Started as "what if I could browse the web through facial expressions." Became something the author actually uses every day with sore wrists.
git clone https://github.com/jackmielke/handsfree.git
cd handsfree
./setup.sh # creates .venv, installs deps
.venv/bin/python browser_viewer.pyOpen http://localhost:8765 — the Control Center opens automatically. First launch downloads the MediaPipe face + hand landmarker models (~10 MB).
The pages you'll use:
| URL | What it is |
|---|---|
/ |
Control Center — pointing/click method, scroll, voice, experiments |
/vision |
🔬 Vision Lab — every blendshape, gesture, and voice transcript live |
/boxing |
🥊 Muay Thai mode — punch a target, take counter-punches |
macOS will prompt for Camera, Microphone, Accessibility, and
Input Monitoring the first time. Grant all of them to the Terminal app
you launched from — TCC permissions follow the parent process, not Python
itself. There's also a Wonder.app bundle in the project that exposes the
right Info.plist usage descriptions; opening it once gives you a single place
to grant Speech Recognition for the Apple Speech engine.
| Method | How |
|---|---|
| finger | point with your right index — wrist to fingertip vector drives the cursor (default) |
| head | head pose (yaw + pitch); subtle and good once calibrated |
| gaze | eye iris position; experimental |
Cursor traverses all monitors correctly via CGWarpMouseCursorPosition,
and re-probes the virtual desktop bounds every 3 seconds so newly-plugged-in
displays become reachable without restarting.
Pick one in Control Center → click:
- brow raise — natural; works in meetings
- 😊 smile — hard smile to click; also natural on camera
- mouth open — clear, deliberate, surprisingly comfortable
- pinch — thumb + index touch
- blink / either wink / right wink — for if you have the eye control
Long-press hybrid is on by default for brow / smile / mouth / pinch: short hold = single click, hold ≥ 0.4s = mouseDown drag, release = mouseUp. So a quick eyebrow flick is a click; raising and holding your brow is a drag. Same gesture, two outcomes — like a long-press on mobile. Wink and blink stay edge-triggered (you can't really "hold" them).

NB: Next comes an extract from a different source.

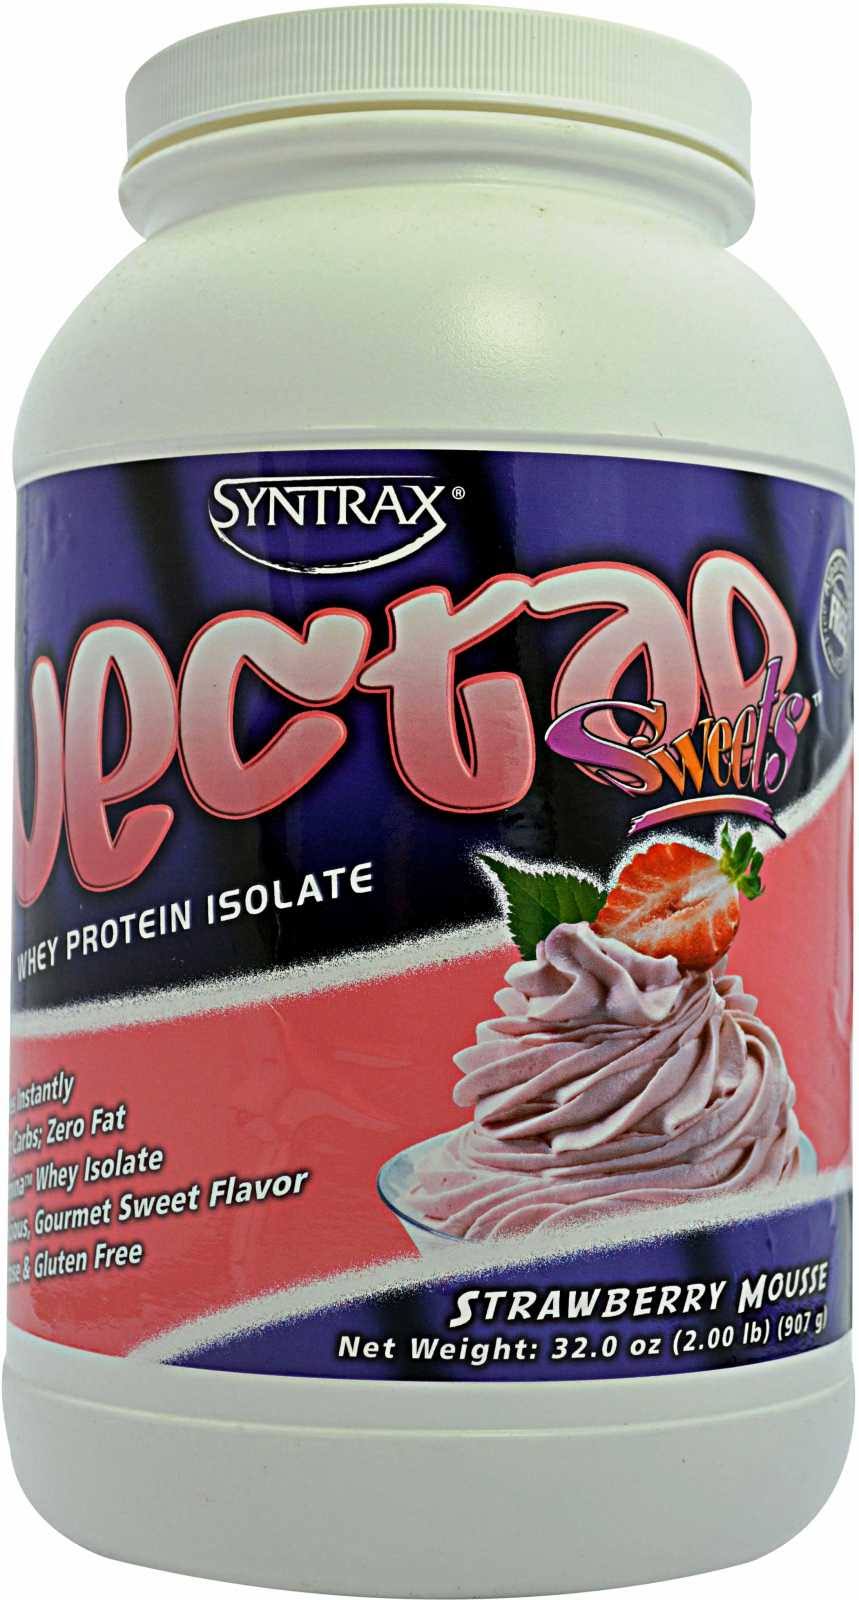 Syntrax Nectar Whey Protein Isolate Supplement Powder - Roadside Lemonade, 2lbs

Toggle via the ⏳ click long-press hybrid experiment tile (default ON; turn off to make every gesture just a click, no drag).
- whatever your click method is — the hybrid above gives you press-and-hold for free on brow / smile / mouth / pinch
- ✌️ peace — hold a peace sign to keep mouseDown; drop it to release. Off by default.

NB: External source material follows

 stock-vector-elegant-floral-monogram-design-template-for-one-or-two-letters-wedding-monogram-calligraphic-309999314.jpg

- 👌 OK-sign — flash 👌 to toggle mouseDown on, again to release. Off by default.
Pick a mode in Control Center → scroll mode (default = squint+hand):
| Mode | Gate | Input | Notes |
|---|---|---|---|
| squint+hand | squint either eye > 50% | hand wrist Y delta | RSI-friendly default |
| squint+head | same | head pitch | hands-free |
| fist | close one hand | wrist Y/X | classic; can be tiring on sore wrists |
| two hands | raise both | midpoint Y | needs both hands free |
| head+lefthand | left hand up | head pitch | |
| head+mouth | mouth open | head pitch | |
| brow | always-on | brow up = scroll up, furrow = down |
Scroll speed is a continuous slider — 0.5× to 6×. Default 3×.
- Two-hand swipe L↔R → switch macOS Spaces (
Ctrl + ←/→) - Two-hand swipe alt → next/prev browser tab (toggle in Control Center)
- Hands-overhead → master toggle (auto-mutes audio when off)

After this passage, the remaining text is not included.